Depuis plus de vingt ans maintenant, le viaduc de Millau, avec ses courbes élancées entre deux causses, ne se contente pas de relier deux points du territoire : il en révèle la géographie, dialogue avec les reliefs, et transforme le regard porté sur un site. Cet ouvrage emblématique illustre une vérité qu'il faut rappeler : l'acte de construire, le projet architectural et d'ingénierie, est d'abord un geste situé. Bien au-delà du calcul et de la performance, il s'agit d'un dialogue entre l'ouvrage, son environnement immédiat et les usages qui s'y déploient.
Cette dimension redevient centrale dans la formation des ingénieur·es. Comment concevoir une infrastructure sans interroger son insertion dans le vivant, son impact sur les sols, ou sa capacité à s'intégrer à un écosystème urbain en mutation ? Les projets d'aménagement, qu'ils soient routiers, ferroviaires ou urbains, ne peuvent plus être pensés comme des objets autonomes, mais comme des éléments d'un ensemble dynamique, où chaque décision technique a des répercussions écologiques, sociales et culturelles.

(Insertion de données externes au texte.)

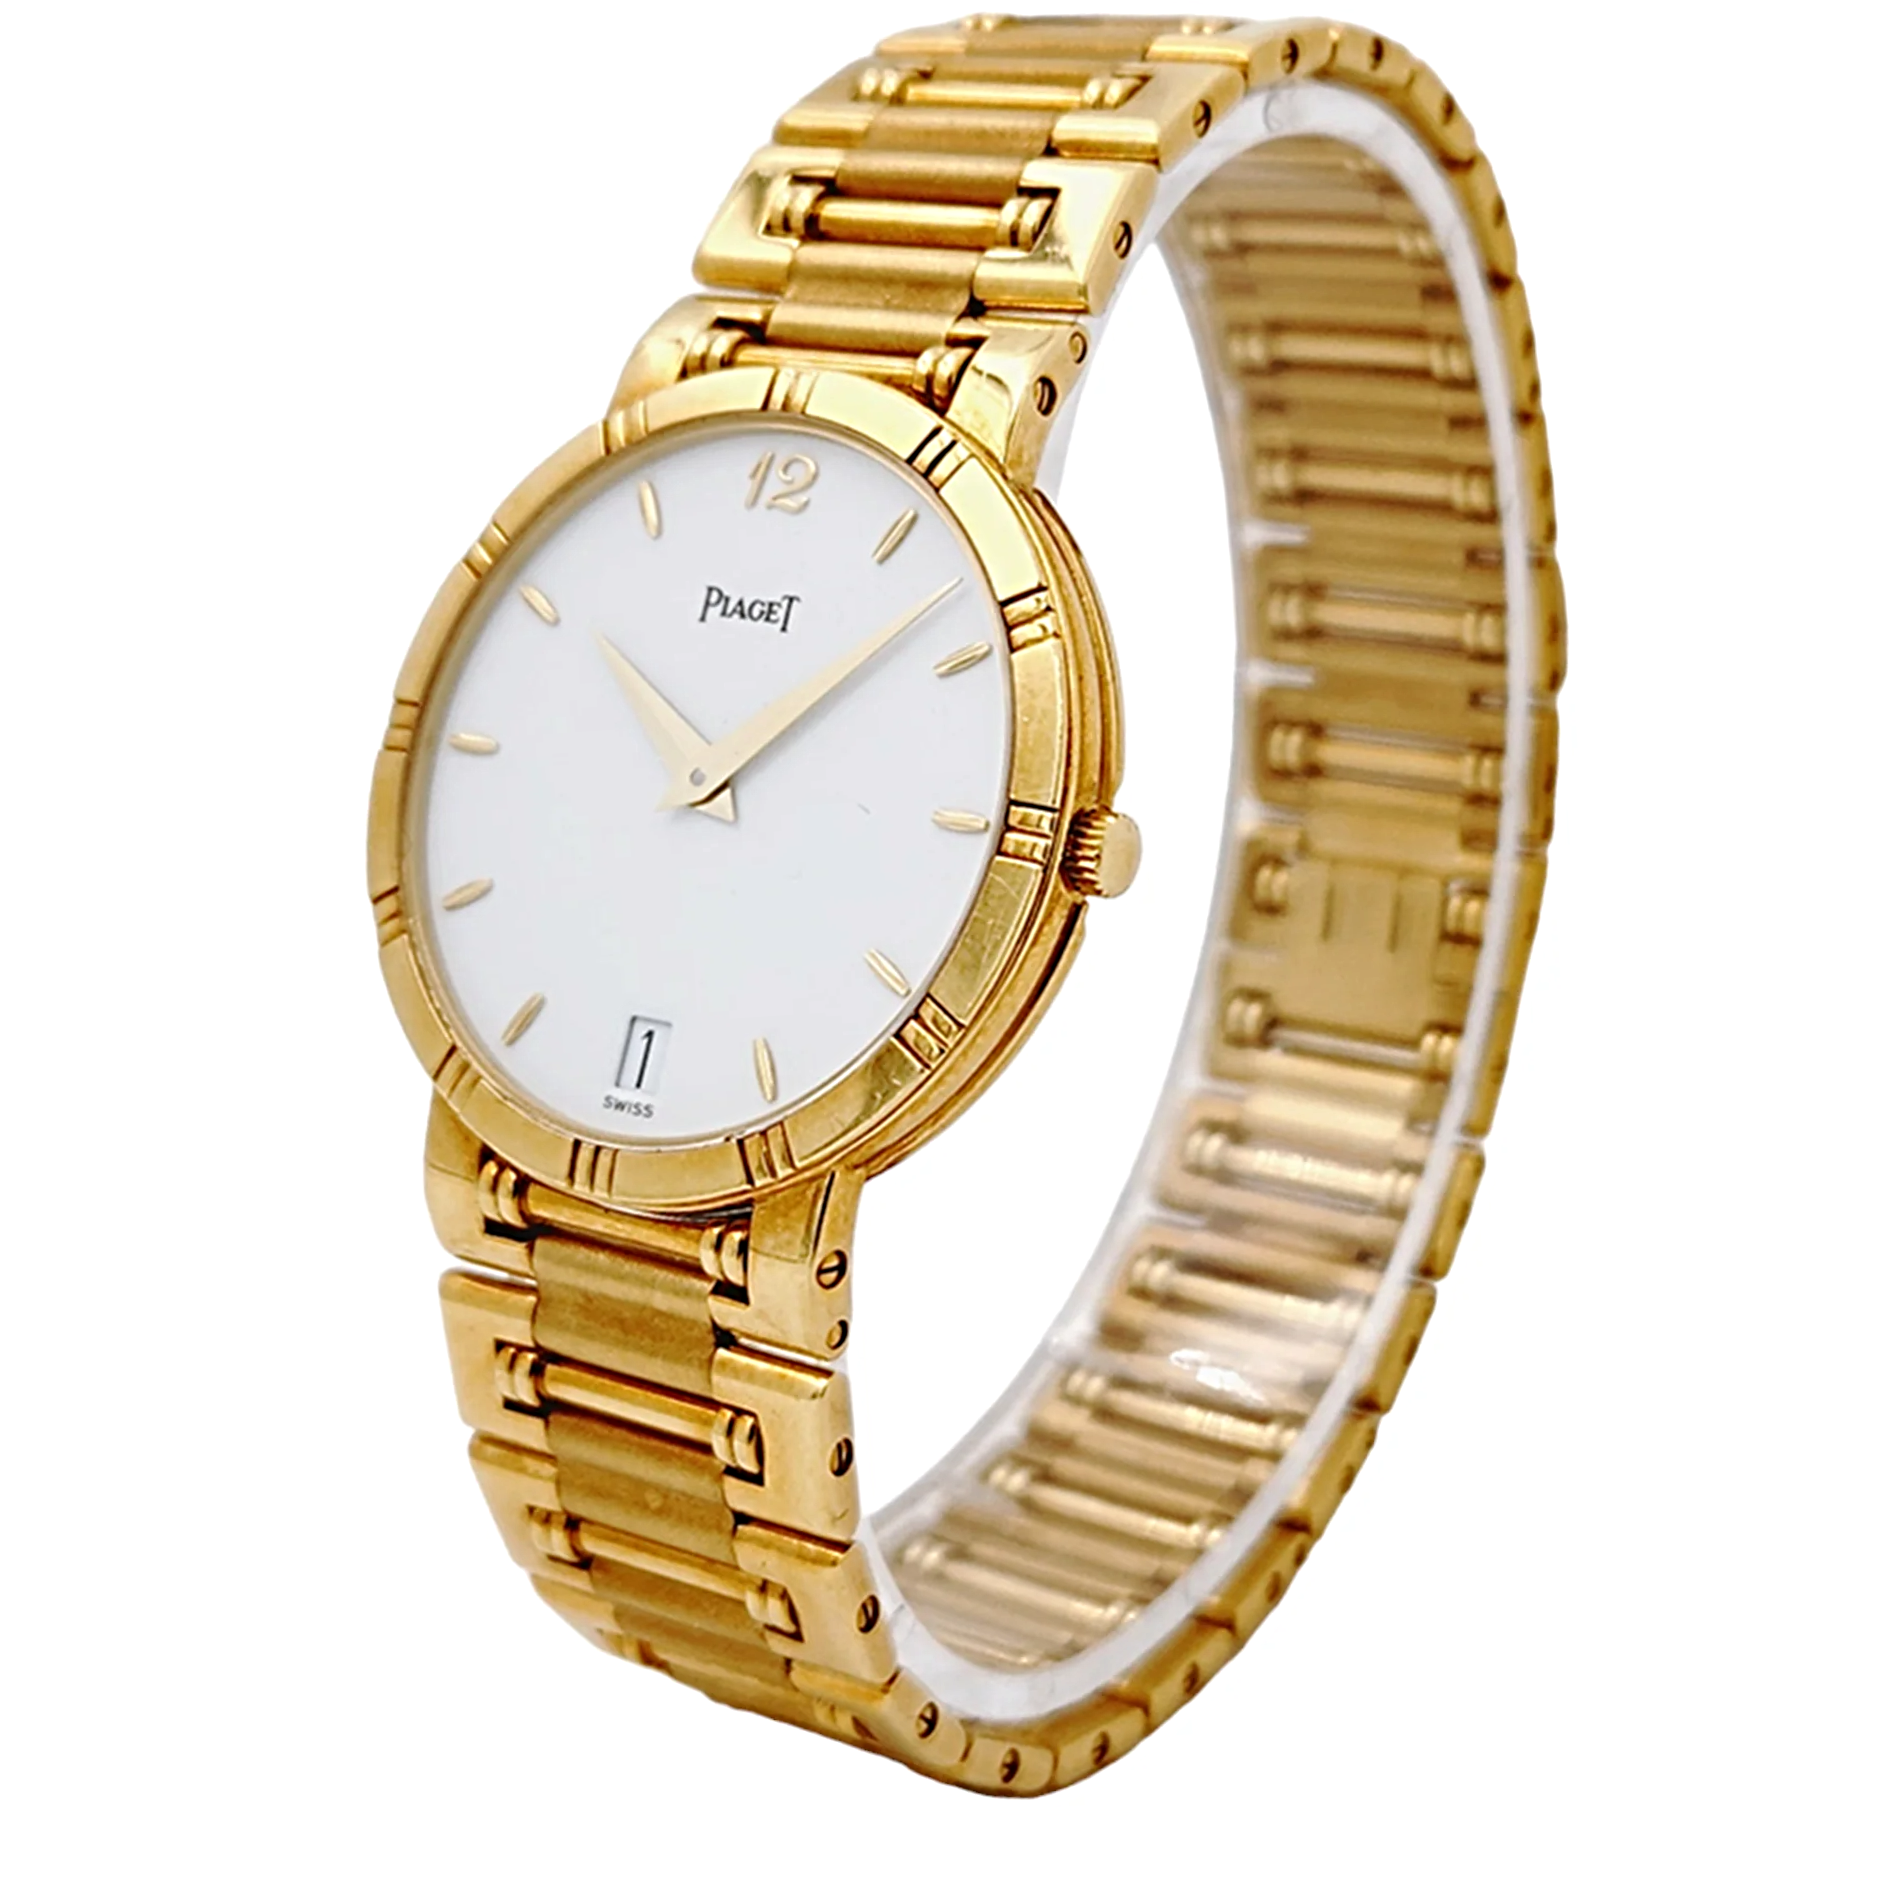 *Men's Piaget 31mm Dancer Vintage Solid 18K Yellow Gold Band Watch with White Dial. (Pre-Owned)

Cette approche située de la construction s'accompagne d'une remise en question des fondements mêmes de l'ingénierie moderne. Dans ses travaux, Antoine Picon, chercheur émérite à l'École, a montré¹ comment la figure classique de l'ingénieur, héritée du XIXe siècle, s'est longtemps définie par sa capacité à dompter les éléments : protéger les sociétés des crues, optimiser l'exploitation des ressources, séparer l'artificiel du naturel. Elle doit aujourd'hui apprendre à composer avec des défis inédits : la crise climatique, la raréfaction des ressources et la nécessité de préserver la biodiversité. Cette remise en question invite à repenser la formation des ingénieur·es, non plus comme une transmission de savoirs techniques désincarnés, mais comme un apprentissage de l'interdépendance – entre l'ouvrage et son milieu, entre la technique et l'éthique, entre le court terme et le temps long.
La transition écologique et numérique : redéfinir le projet architectural et d'ingénierie
Les enjeux écologiques et numériques ne se succèdent pas : ils se superposent, s'amplifient et transforment en profondeur les métiers de l'ingénierie et plus globalement les conditions du projet. D'un côté, la crise climatique impose une relecture radicale des pratiques, où la préservation du vivant devient un critère de conception à part entière. Picon souligne que cette transition exige de revisiter les oppositions traditionnelles (artificiel/naturel, performance/sobriété) et de développer une « ingénierie tempérée », capable de concilier innovation et respect des écosystèmes². Les semaines pédagogiques dédiées au vivant, comme celles organisées par l'École des ponts, illustrent cette volonté : comment cohabiter avec le vivant, qu'il s'agisse de végétaliser un quartier, de préserver des écosystèmes fragiles, ou de repenser la place de la nature en ville ?
De l'autre, le numérique bouleverse les méthodes de conception et de calcul. Les outils de modélisation ou d'optimisation boostés à l'intelligence artificielle permettent désormais de simuler des scénarios complexes en quelques minutes – là où il fallait autrefois des semaines. Mais cette révolution ne saurait se réduire à une simple accélération des processus. Elle invite surtout à repenser la place de l'ingénieur·e : moins un·e technicien·ne de la performance, plus un·e concepteur·rice capable de faire dialoguer données massives, intuition et éthique. Le numérique ne doit pas être un simple facilitateur, mais un nouveau levier pour inventer des solutions situées et sobres : comment utiliser les données pour concevoir des ponts plus légers, des bâtiments mieux isolés, ou des réseaux de transport moins énergivores ? Ces questions, au cœur des recherches de l'École des ponts, montrent que la révolution numérique et la transition écologique ne sont pas deux agendas séparés, mais deux faces d'une même mutation. $##$
Du construire au maintenir : l'ingénierie comme art de la durée
L'ingénierie ne se limite plus à l'acte de construire. Elle s'étend désormais au maintenir, au réparer, au faire durer. Cette évolution est à la fois une réponse aux limites de la modernité – où l'obsolescence programmée et la surconsommation de ressources ont montré leurs effets délétères – et une prise de conscience de la responsabilité sociale des ingénieur·es. L'enjeu n'est plus seulement de concevoir des ouvrages performants, mais de les inscrir (...)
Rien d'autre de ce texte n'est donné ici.